The Jacob Internet Fund is not investing in many of
the well-known Internet names including America
Online and Yahoo!. Given those two names have
appreciated substantially in 1999, he feels their
upside is somewhat limited because they have become
so large. He states, "They are very successful
companies in their given niches and will continue
to be for the next five to 10 years. Unfortunately,
as an investor we just don't feel that we have the
kind of upside available to us as we might find in
some of the small- to mid-size Internet companies."

Ryan's fund is heavily weighted toward media and
content companies. Those companies, he points out,
require "long lead times" before reaching critical
mass. "Once these companies do reach critical mass,
they will start to show earnings. In many cases,
this is two to three years away. We believe these
properties, once they are able to gain this type of
scale, will have built very valuable franchises.

One of Jacob's favorite holdings is NBC Internet
(NBCI 77), which is the former Xoom.com and Snap.com,
including a few General Electric Internet properties.
NBCI is NBC's attempt to build a horizontal portal
to compete with other portals including: Yahoo!,
Excite and Lycos. "We think that with the backing
of NBC and being part of their family, they have a
great opportunity to establish a leadership position,"
he explains.

Another name he is positive on is StarMedia
(STRM 40 1/4)
, which is one of the largest Latin
American portals and similar to the major U.S.
portals. "StarMedia has a very strong presence in
Central and South America. They were an early mover
in those markets so they really have established a
great deal with brand identity. Outside the U.S.,
we are going to see many of these foreign markets
drive the growth of Internet usage and we think
StarMedia is exceptionally well-positioned."

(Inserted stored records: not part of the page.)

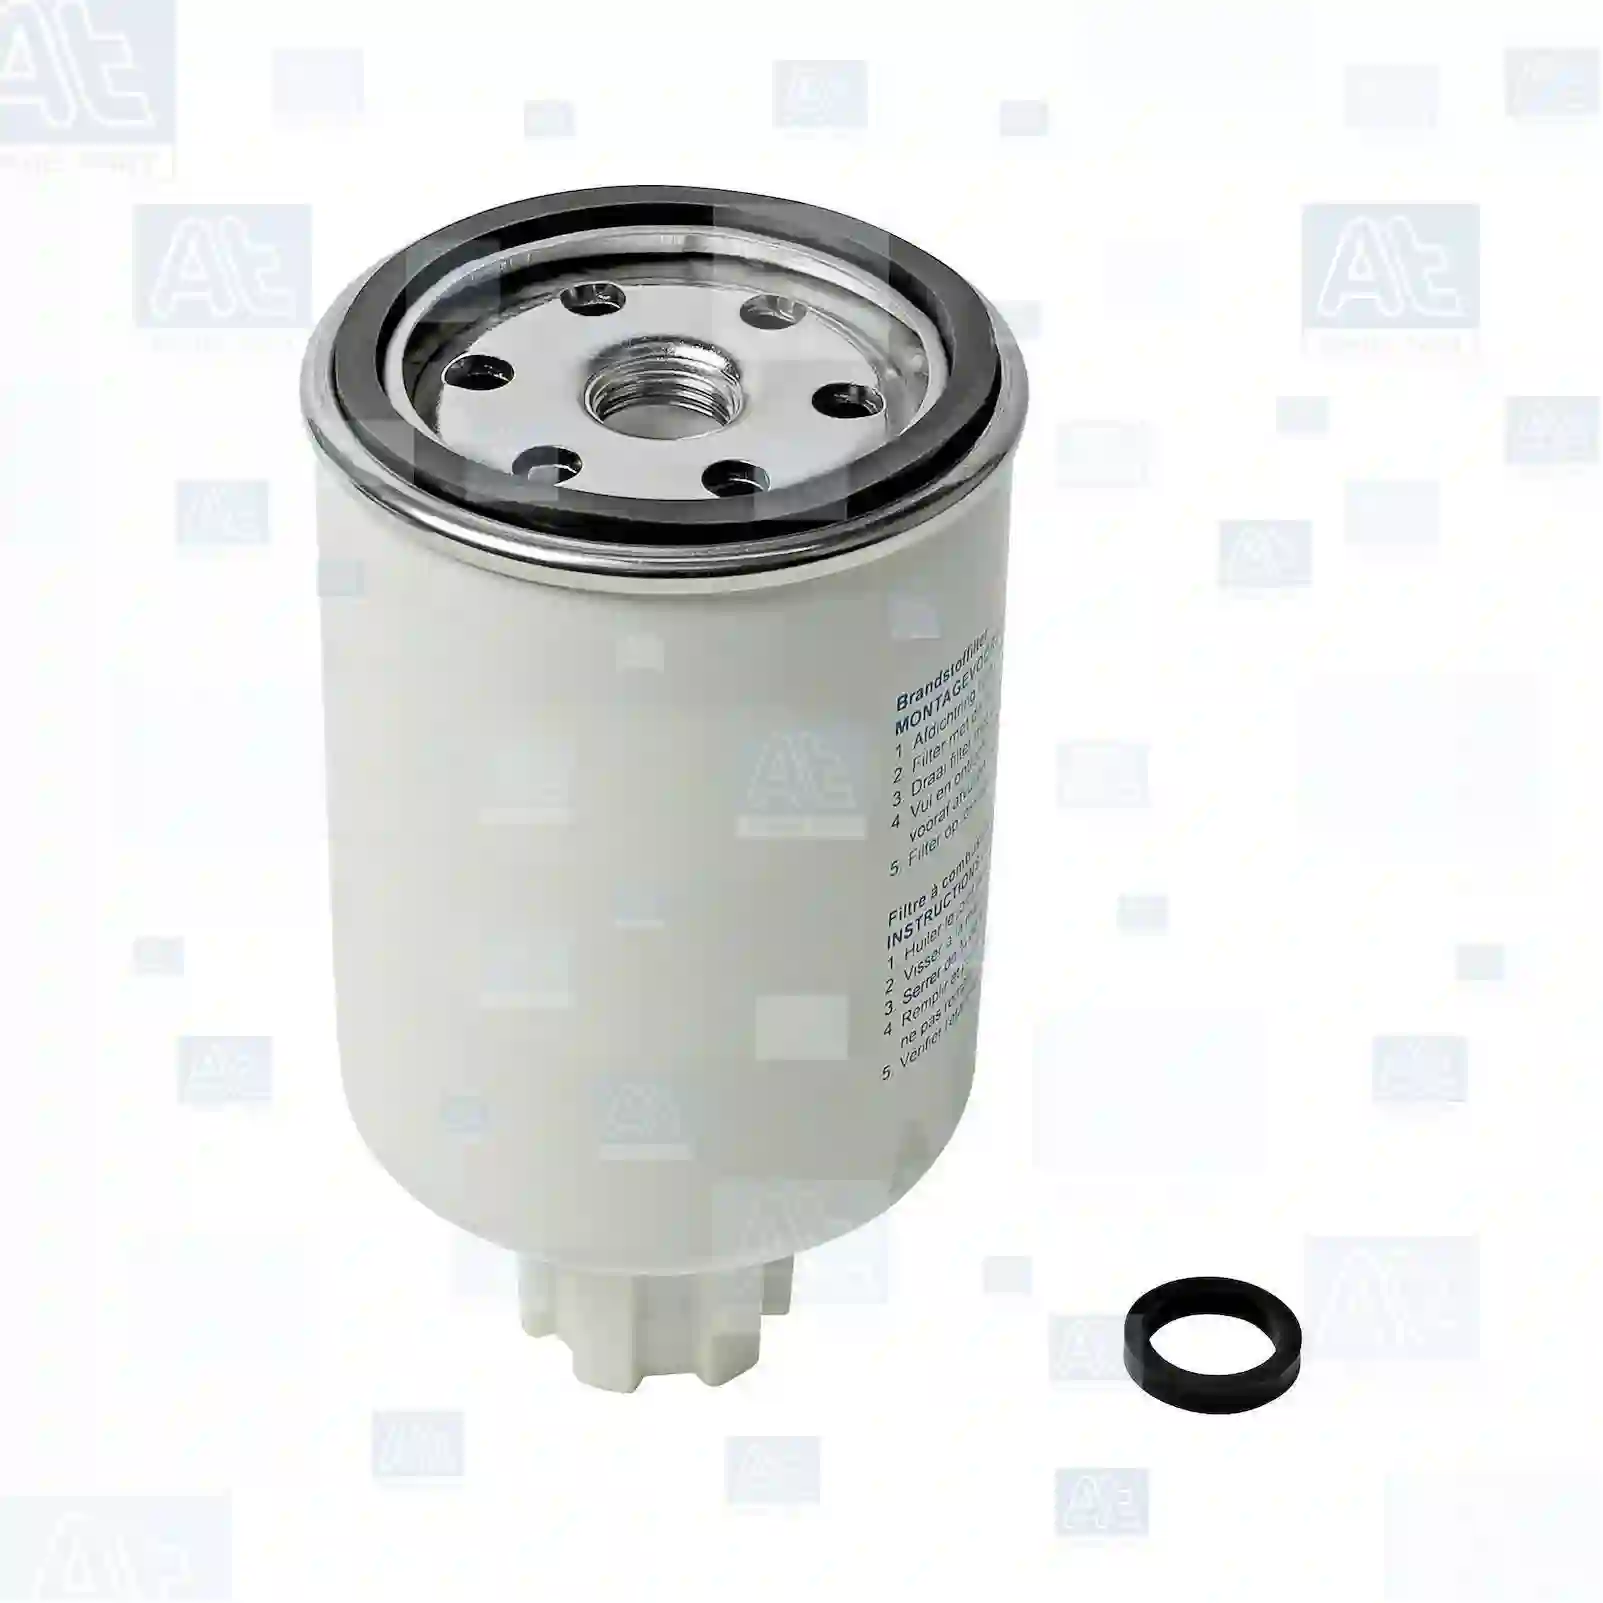 Fuel filter, at no 77723348, oem no: 72515734, A4027606, 813566, 90166585, 1133493R1, 114545A1, 133493, 71104220, 84229389, 86990957, J286503, J286503MP, J931063, J931962, 190626, 190661, 1906A8, 1004559, 1492827, 3286503, 3931062, 3931064, 490160, CBU1177, CBU1251, CBU1920, CVU1177, ZZ11063, 2011055, 01902138, 71736116, 73175965, 73175973, 3843760, 5018034, 5023923, DNP550248, 90166585, 90166858, 93891769, 25011999, 9414992533, 9437990108, 26561118, 01902138, 08122353, 1902138, 3903202, 51125030026, 0940000604, 3218794R91, 04785601, 71104220, 73175965, 84229389, 86990957, 190626, 190661, 1906A8, 90111090900, 5001850947, 83129993490, 15270824, 1257201, 3134055, 829993, ZG10129-0008 At Spare Part | Engine, Accelerator Pedal, Camshaft, Connecting Rod, Crankcase, Crankshaft, Cylinder Head, Engine Suspension Mountings, Exhaust Manifold, Exhaust Gas Recirculation, Filter Kits, Flywheel Housing, General Overhaul Kits, Engine, Intake Manifold, Oil Cleaner, Oil Cooler, Oil Filter, Oil Pump, Oil Sump, Piston & Liner, Sensor & Switch, Timing Case, Turbocharger, Cooling System, Belt Tensioner, Coolant Filter, Coolant Pipe, Corrosion Prevention Agent, Drive, Expansion Tank, Fan, Intercooler, Monitors & Gauges, Radiator, Thermostat, V-Belt / Timing belt, Water Pump, Fuel System, Electronical Injector Unit, Feed Pump, Fuel Filter, cpl., Fuel Gauge Sender,  Fuel Line, Fuel Pump, Fuel Tank, Injection Line Kit, Injection Pump, Exhaust System, Clutch & Pedal, Gearbox, Propeller Shaft, Axles, Brake System, Hubs & Wheels, Suspension, Leaf Spring, Universal Parts / Accessories, Steering, Electrical System, Cabin Fuel filter, at no 77723348, oem no: 72515734, A4027606, 813566, 90166585, 1133493R1, 114545A1, 133493, 71104220, 84229389, 86990957, J286503, J286503MP, J931063, J931962, 190626, 190661, 1906A8, 1004559, 1492827, 3286503, 3931062, 3931064, 490160, CBU1177, CBU1251, CBU1920, CVU1177, ZZ11063, 2011055, 01902138, 71736116, 73175965, 73175973, 3843760, 5018034, 5023923, DNP550248, 90166585, 90166858, 93891769, 25011999, 9414992533, 9437990108, 26561118, 01902138, 08122353, 1902138, 3903202, 51125030026, 0940000604, 3218794R91, 04785601, 71104220, 73175965, 84229389, 86990957, 190626, 190661, 1906A8, 90111090900, 5001850947, 83129993490, 15270824, 1257201, 3134055, 829993, ZG10129-0008 At Spare Part | Engine, Accelerator Pedal, Camshaft, Connecting Rod, Crankcase, Crankshaft, Cylinder Head, Engine Suspension Mountings, Exhaust Manifold, Exhaust Gas Recirculation, Filter Kits, Flywheel Housing, General Overhaul Kits, Engine, Intake Manifold, Oil Cleaner, Oil Cooler, Oil Filter, Oil Pump, Oil Sump, Piston & Liner, Sensor & Switch, Timing Case, Turbocharger, Cooling System, Belt Tensioner, Coolant Filter, Coolant Pipe, Corrosion Prevention Agent, Drive, Expansion Tank, Fan, Intercooler, Monitors & Gauges, Radiator, Thermostat, V-Belt / Timing belt, Water Pump, Fuel System, Electronical Injector Unit, Feed Pump, Fuel Filter, cpl., Fuel Gauge Sender,  Fuel Line, Fuel Pump, Fuel Tank, Injection Line Kit, Injection Pump, Exhaust System, Clutch & Pedal, Gearbox, Propeller Shaft, Axles, Brake System, Hubs & Wheels, Suspension, Leaf Spring, Universal Parts / Accessories, Steering, Electrical System, Cabin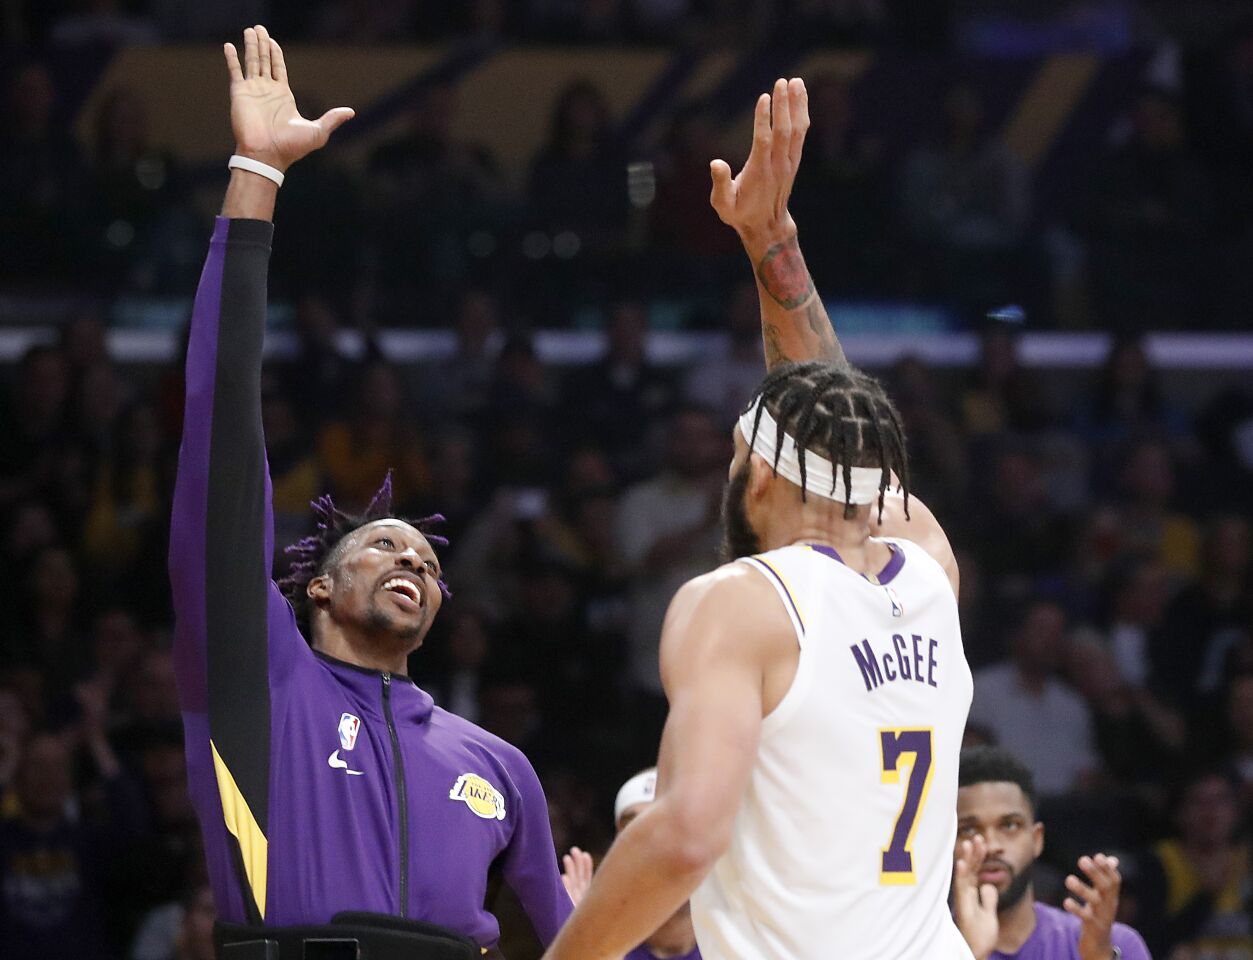 Lakers big men Dwight Howard, left, and JaVale McGee celebrate after a basket by McGee.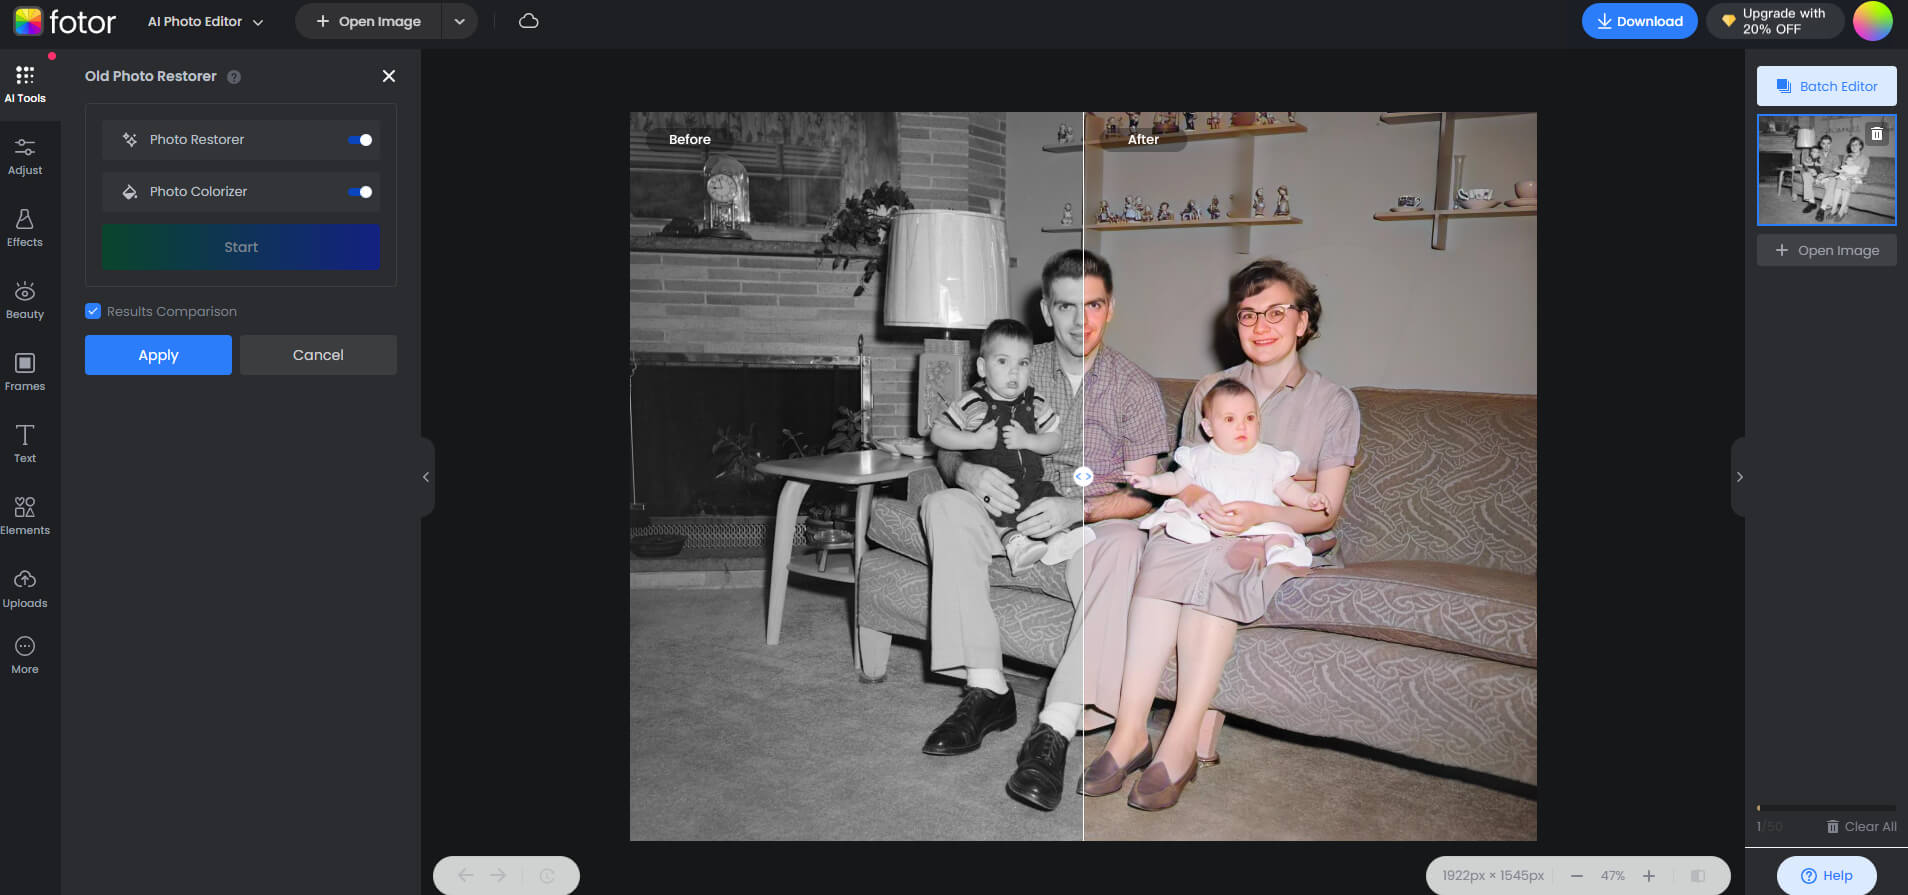 restore and colorize an old black and white family photo on fotor

Ryan has invested in the B2B (Business-To-Business)
space but notes that investor enthusiasm has made
that space very rich. One name he does own in that
space is Ask Jeeves (ASKJ 110) which provides consumer
and corporate question and answering services. Ask
Jeeves allows businesses to cut down on expensive
customer service costs by utilizing an Internet
solution. "Ask Jeeves is well-positioned to continue
to add new ecommerce companies on the Web as well as
other service companies to answer questions via
computer. It will save a tremendous amount in costs
on the customer-service side."

Two larger companies Jacob is bullish on are eBay
(EBAY 135) and Priceline.com (PCLN 46 3/4). He likes
those two companies because they provide unique
solutions for buyers and sellers to meet through the
Internet. Priceline.com allows businesses to sell off
existing inventory of perishable items including
airline seats, hotel rooms and rental cars, and the
company has been able to move into other areas such
as home mortgages, automobiles and, most recently,
groceries. "It is a very leveragable model." Jacob
points out that both of those companies are unique
and would not exist if there was no Internet.

Ryan is somewhat cautious about the B2B and networking
stocks because of their tremendous runs. "While a lot
of these companies are exceptionally positioned, the
valuations will probably be tough to maintain."